Clara Barnhurst

There’s a tankard at my pub that upsets one of the staff. He hides the offending feature when he notices it and the owner was tempted to take it away to avoid any discomfort. The tankard hasn’t invited any comment from customers that I know of, but there is word that it has. I’ve not managed to substantiate those claims and nor has my boss.

The tankard’s owner - an educator, artist, and general rabble rouser - is swiftly becoming one of my favourite regulars. They are fiery, energetic, and passionate. Expressive and chatty. We got along immediately and it is of absolutely no surprise they would choose an object that might be seen as objectionable; they make it their business to take ownership of things that people find difficult.

Where many of the people in the pub know the owner, they also would understand the owner’s attraction to the object, even if they didn’t share the owner’s enthusiasm. The object’s statement comes in the context of its holder. Another person with the same object probably wouldn’t make the same statement. Objects are made with one idea, a kind of user, in mind. That the user isn’t always that intended person creates potential for discussion.

As an undergrad, my advisor would tell me that good design establishes a pattern, but then breaks that pattern. Breaking the pattern draws attention to specific things, specific moments, within the experience of the piece. This tankard establishes a pattern, but its owner breaks that pattern.


The tankard is upsetting for its handle: a stylised, nude woman facing outward, back arched to form the grip. It’s seen as sexist and objectifying by some, and actually, they’re not wrong. It’s an idealised image of a lady attached to an object that is associated with older men. It’s highly likely it was created in an objectifying light, and it reinforces an idea of pubs being places for older men. In isolation, the object celebrates the female body in a distinctly male context.

The owner is a colourfully dressed, well pierced lady. Just holding her tankard doesn’t nullify the obvious connotations it carries: women can objectify women same as men can. The disruption of this pattern is complex and is wrapped up in knowing what kind of woman the owner is. She, like me, saw this tankard as a beautiful object. Confrontational, absolutely, but not objectifying in that context.

Perhaps this is rather too nuanced for a public house, but more eccentric things can be found in a pub. I take more issue with the typical transgender memes that show some Barbie doll figured person in lingerie talking about wanting to be a girl. Like that’s what being a girl means. This tankard is tame by comparison, and it’s created some interesting discussion about sexism, feminism, and how the context of a statement blurs the line between offensive and thought provoking.

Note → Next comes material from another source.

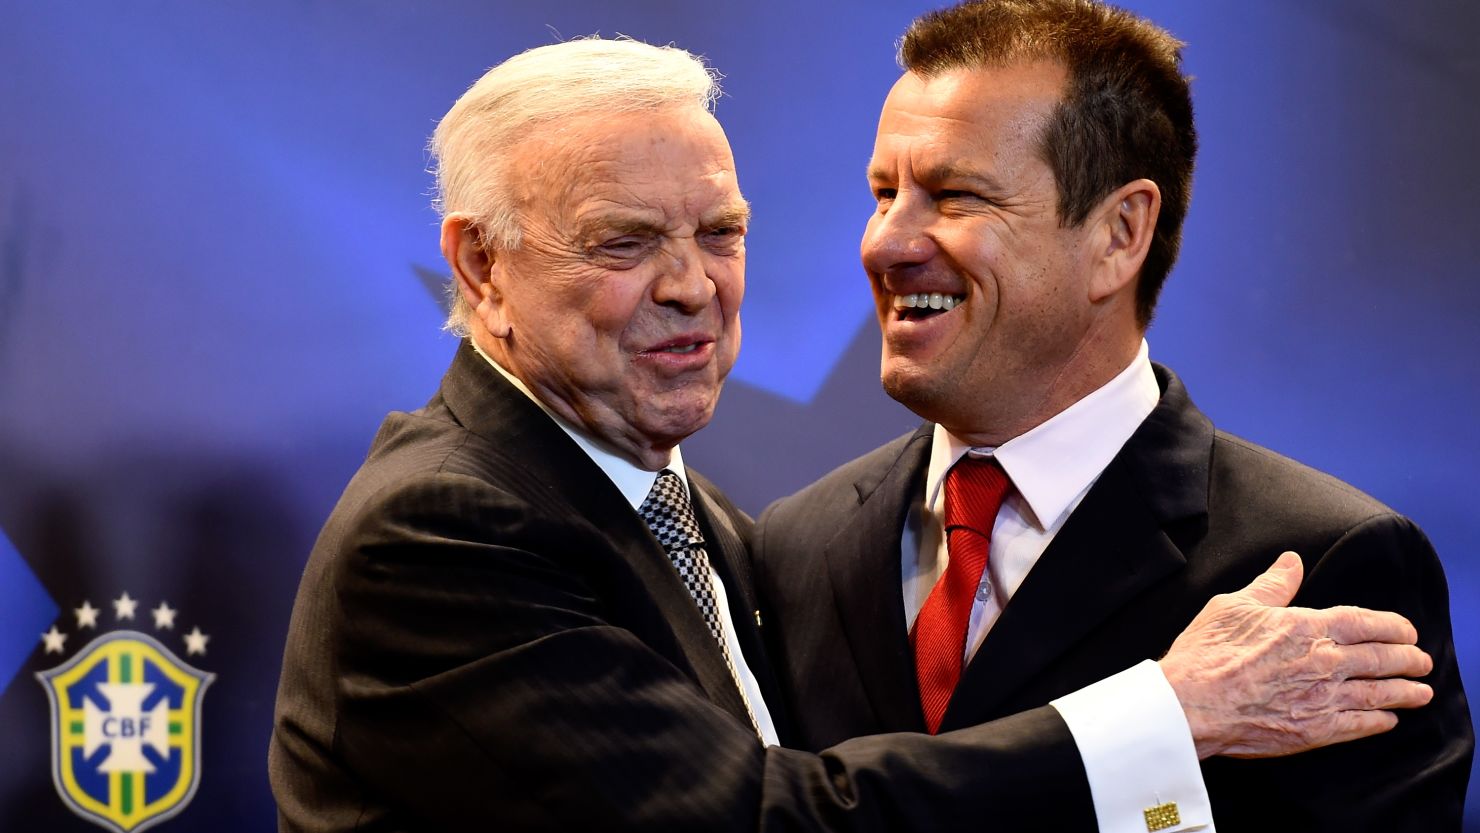 Brazil's new coach Dunga (R) with the country's football federation president Jose Maria Marin.

It’s interesting that I find the owner of this tankard enough to break away from the potential negative connotations of the object. The women that post the memes described above don’t transcend the object for their being transgender in my mind. I understand that personal context better in some ways: we all want to be beautiful, we’re all told what beautiful is, and when we’re dysphoric we need to project an image - particularly women that haven’t established themselves in their transition. The idealised image could be seen as the dream.

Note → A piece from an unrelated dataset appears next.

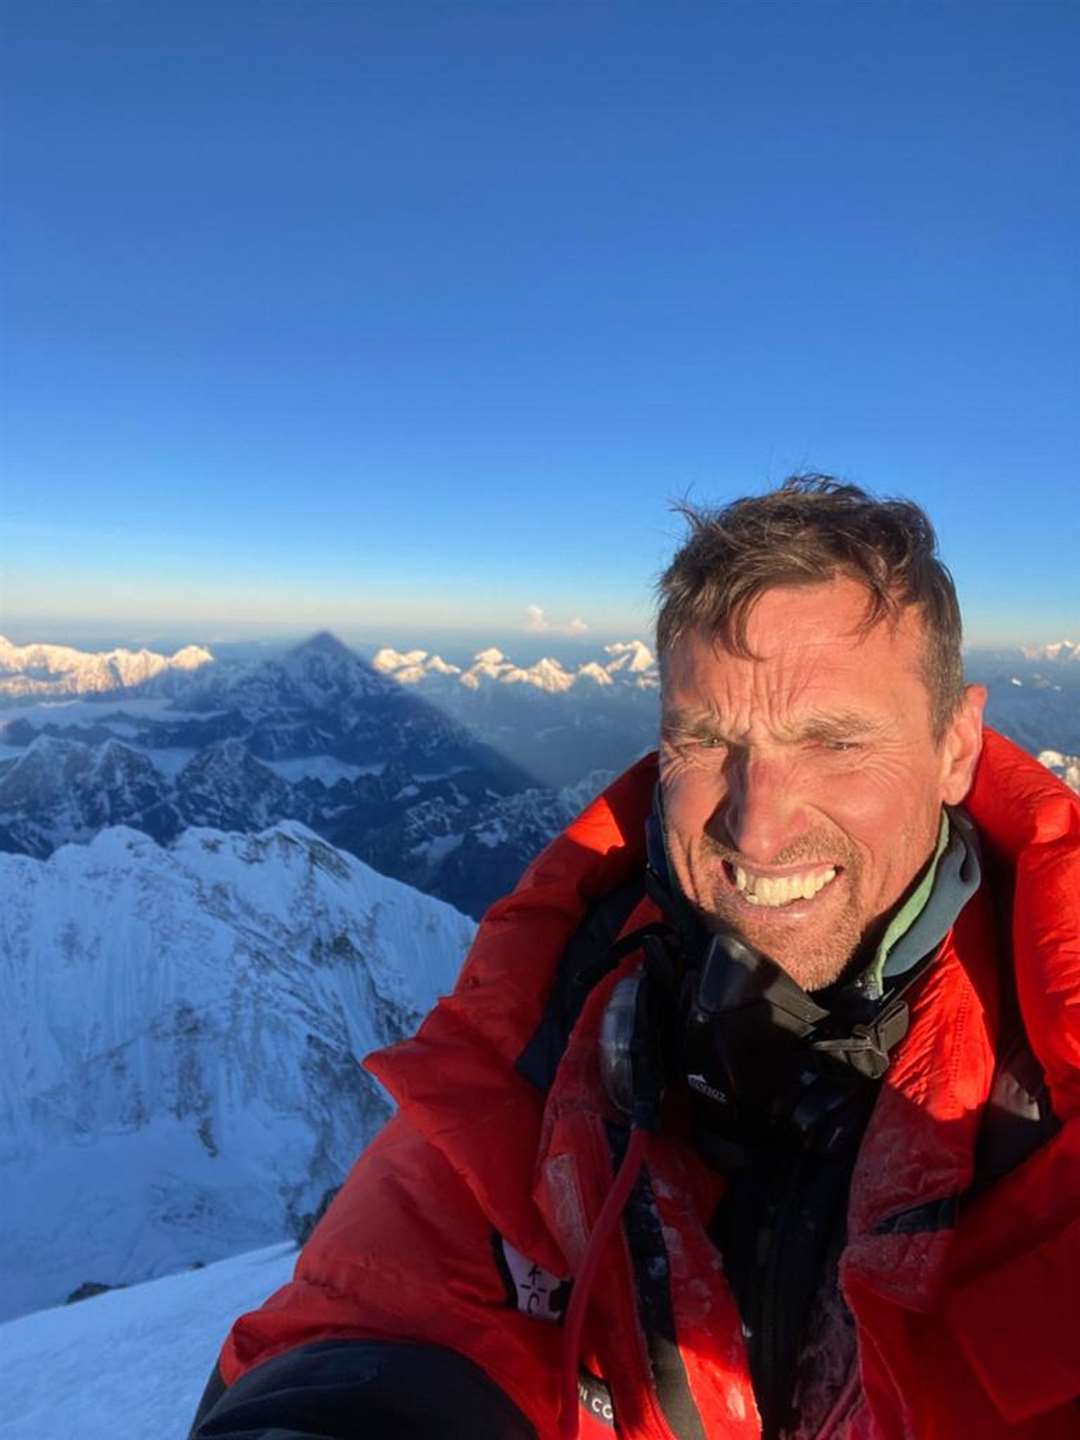 Kenton Cool reached the summit of Mount Everest for a 16th time on May 15 (Kenton Cool/PA)

Trouble is, it isn’t. It’s just a basic case of internalised misogyny: women can objectify women, and transgender women that wish they could be that object are still objectifying women. Advertising it isn’t helpful. It actually exposes their misguided notions of womanhood, though their often desperate place in life forgives that. I certainly couldn’t claim to understand womanhood pre transition or even now. Womanhood, like manhood, is a thing that defies explanation. Individual and evolving. It’s easy to say what it isn’t, but difficult to say what it is.


I suppose what makes the tankard OK to my mind is that the owner didn’t pick it as a statement about what women are or should be. She’s quite vocal about undermining categorical thinking regarding gender and sexuality. She’s one of the locals that I can throw a sour look to when someone tries to make anything I say about my gender. Her notions of feminine iconography aren’t being expressed by this tankard, except that it’s quite pretty and confronts people. The woman on the tankard isn’t being presented as an ideal. The women in the Barbie doll memes are.

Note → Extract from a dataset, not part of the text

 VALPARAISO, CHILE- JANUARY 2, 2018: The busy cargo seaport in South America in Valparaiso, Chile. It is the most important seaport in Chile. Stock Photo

The sticking point is the estimation of intent. I could be misjudging the ladies that post those memes. I haven’t confronted any of them about it, so I have no way of knowing. My reasons for not confronting them are largely to do with the context: they’re wrong, but they’re also in a difficult space. This is a release for them, and making their life more difficult than it already is creates a problem they don’t need. I’m an educator at heart - I understand how to triage information. Again, we have context informing the decision to confront. If and when I do confront them, I will have a better idea of their intent. Until I have a better idea, I object but keep it to myself (unless I find myself needing something to blog about - that’s a whole other thing).

The people that object to this tankard should consider confronting its owner and determining intent before deciding whether it’s offensive. Maybe they don’t appreciate it, but they might understand. There’s plenty that I don’t appreciate yet understand. I can disagree with a person’s choices while still understanding their intent. That’s the crux of the problem with confronting people: not everyone will seek information. This tankard, in itself, isn’t a problem. Who holds it and why is potentially a problem. The holders of confrontational objects need to understand that not everyone will bother to find out, just as we, as critics, need to understand that we are acting from a personal context that may not be relevant to the issue at hand.